Hallidie’s design was described in the Scientific American Supplement, September 17, 1881 with the title: The Wire Rope Street Railways of San Francisco, California. Hallidie describes how his cable car system operates and the various San Francisco companies (at that time) that had successfully adapted the cable car for their street railway company.

Andrew Smith Hallidie tested the first cable car at 4 o’clock in the morning, August 2nd, 1873, on Clay Street, in San Francisco. For more information, see the San Francisco Cable Car Museum and find out more about how cable cars work, their history and where they operate today. Or check out the Engineering Pathway’s educational resources on cable cars and mass transportation systems.

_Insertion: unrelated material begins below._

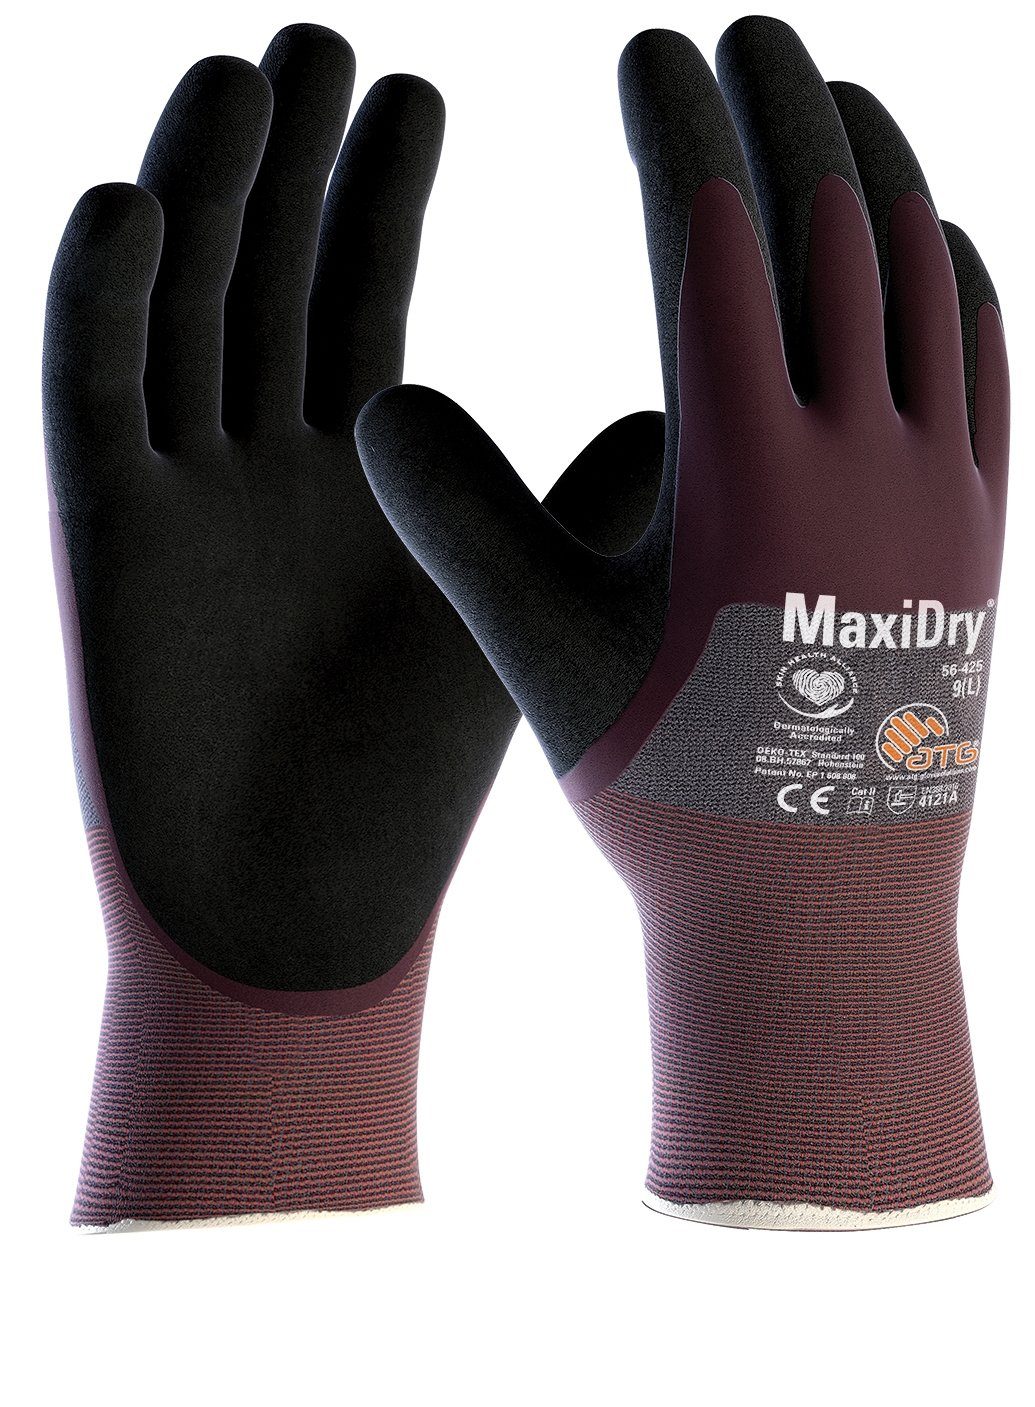 ATG Nitril-Handschuhe "MaxiDry®", 3/4 beschichtet (56-425) 12 Paar

Cable cars are a great example of the application of simple machines and mechanical advantage. For more information see the Engineering Pathway’s curricular resources and the Mechanical Engineering Education disciplinary community.

Today in History – August 31, 1921 – Lt. John A. Macready performed the first crop dusting flight on a surplus World War I Curtiss JN-6H (Jenny), taking off from McCook Field near Dayton, Ohio. The goal was to attack the Catalpa sphinx moth by dusting an orchard with a load of lead-arsenate from a makeshift metal hopper attached to the Jenny’s fuselage. The maneuver was successful and the moths had been wiped out on that orchard.

Recently, the broad use of pesticides is coming into question due to issues with wildlife, water contamination, energy usage and farm worker exposure. See the February 3 blog on the publication of Rachel Carsons book the Silent Spring.

The Engineering Pathway has a number of resources on pesticides, agricultural engineering, Rachel Carson and environmental ethics. For more educational resources, see our agricultural engineering education community site. The Engineering Pathway also hosts Engineering Education communities in all ABET-accredited disciplines.

Today in history- Aug 30, 1983- Guion “Guy” Bluford became the first African America to travel to space , 22 years after the first American traveled to space. This twenty plus year’s gap makes his accomplishment an important milestone in African American history. Born November 22,1942 with a mother for a teacher and an engineer for a father, Bluford was destined for success. Recognizing that 1942 is well before Brown vs. Board, their academic accomplishments, technically, were prior to school integration. Despite the obstacles to access and success for African Americans, his parents obtained higher level of education. With their examples and achievements you can only imagine their expectations for their children were high. They encouraged their children to strive for the best in life.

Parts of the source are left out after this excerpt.